TASK TO COMPLETE. Among the entries below, count the lines with "Sofa" in them and state the total without comment.

GIVEN DATA.
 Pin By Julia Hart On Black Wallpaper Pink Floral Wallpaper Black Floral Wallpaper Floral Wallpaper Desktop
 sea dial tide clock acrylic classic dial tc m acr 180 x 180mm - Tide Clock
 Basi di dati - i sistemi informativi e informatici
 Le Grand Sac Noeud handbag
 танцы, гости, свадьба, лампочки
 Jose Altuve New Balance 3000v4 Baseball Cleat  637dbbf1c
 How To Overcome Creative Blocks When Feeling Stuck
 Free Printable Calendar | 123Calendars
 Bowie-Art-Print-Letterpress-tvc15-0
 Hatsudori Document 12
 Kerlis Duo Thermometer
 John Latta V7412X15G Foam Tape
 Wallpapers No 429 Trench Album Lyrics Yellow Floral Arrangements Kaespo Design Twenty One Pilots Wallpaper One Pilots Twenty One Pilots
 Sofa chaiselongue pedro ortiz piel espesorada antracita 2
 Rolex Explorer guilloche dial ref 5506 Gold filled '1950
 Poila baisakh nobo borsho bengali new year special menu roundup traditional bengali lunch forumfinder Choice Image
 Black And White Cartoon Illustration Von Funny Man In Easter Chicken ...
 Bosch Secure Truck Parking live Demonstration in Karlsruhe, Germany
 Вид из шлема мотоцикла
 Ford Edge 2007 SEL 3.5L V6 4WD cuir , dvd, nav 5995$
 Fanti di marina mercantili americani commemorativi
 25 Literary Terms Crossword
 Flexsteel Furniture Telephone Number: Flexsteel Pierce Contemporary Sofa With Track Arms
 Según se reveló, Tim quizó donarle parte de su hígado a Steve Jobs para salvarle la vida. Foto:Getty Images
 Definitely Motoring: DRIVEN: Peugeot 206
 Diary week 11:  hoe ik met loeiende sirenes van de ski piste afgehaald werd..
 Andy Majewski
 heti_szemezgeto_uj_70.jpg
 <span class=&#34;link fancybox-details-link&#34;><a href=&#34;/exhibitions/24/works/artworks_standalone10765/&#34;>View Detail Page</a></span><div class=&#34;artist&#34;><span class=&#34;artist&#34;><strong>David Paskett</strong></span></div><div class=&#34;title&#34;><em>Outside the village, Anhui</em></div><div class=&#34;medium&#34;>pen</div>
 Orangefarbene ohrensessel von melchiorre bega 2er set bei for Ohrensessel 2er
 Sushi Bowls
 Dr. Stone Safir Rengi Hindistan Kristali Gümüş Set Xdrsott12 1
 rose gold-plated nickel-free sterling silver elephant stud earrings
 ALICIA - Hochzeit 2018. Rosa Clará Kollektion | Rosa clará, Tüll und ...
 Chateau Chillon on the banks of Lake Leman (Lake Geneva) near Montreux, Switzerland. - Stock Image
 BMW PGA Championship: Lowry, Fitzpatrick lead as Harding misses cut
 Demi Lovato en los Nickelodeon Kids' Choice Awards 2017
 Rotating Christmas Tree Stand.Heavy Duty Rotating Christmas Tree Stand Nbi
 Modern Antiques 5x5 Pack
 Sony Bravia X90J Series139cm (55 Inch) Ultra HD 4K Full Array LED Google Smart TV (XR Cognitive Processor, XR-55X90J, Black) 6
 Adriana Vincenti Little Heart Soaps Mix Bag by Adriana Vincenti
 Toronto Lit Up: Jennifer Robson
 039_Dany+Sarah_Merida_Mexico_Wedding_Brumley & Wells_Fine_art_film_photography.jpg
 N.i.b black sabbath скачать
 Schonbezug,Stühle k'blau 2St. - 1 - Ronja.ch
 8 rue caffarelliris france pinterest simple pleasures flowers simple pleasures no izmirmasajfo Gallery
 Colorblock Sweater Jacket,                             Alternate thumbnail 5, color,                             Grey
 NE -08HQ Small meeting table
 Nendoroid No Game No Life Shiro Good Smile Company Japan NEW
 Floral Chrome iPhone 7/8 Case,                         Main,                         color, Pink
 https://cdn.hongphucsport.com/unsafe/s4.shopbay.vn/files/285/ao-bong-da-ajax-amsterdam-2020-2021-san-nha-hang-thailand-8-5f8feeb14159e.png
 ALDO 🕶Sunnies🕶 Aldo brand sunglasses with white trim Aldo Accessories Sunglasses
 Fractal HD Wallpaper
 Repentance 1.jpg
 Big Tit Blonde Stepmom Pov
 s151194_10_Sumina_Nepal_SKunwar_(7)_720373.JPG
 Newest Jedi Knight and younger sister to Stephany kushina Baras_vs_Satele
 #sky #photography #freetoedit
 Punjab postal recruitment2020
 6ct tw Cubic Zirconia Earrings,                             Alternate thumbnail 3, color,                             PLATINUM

RESULT. 2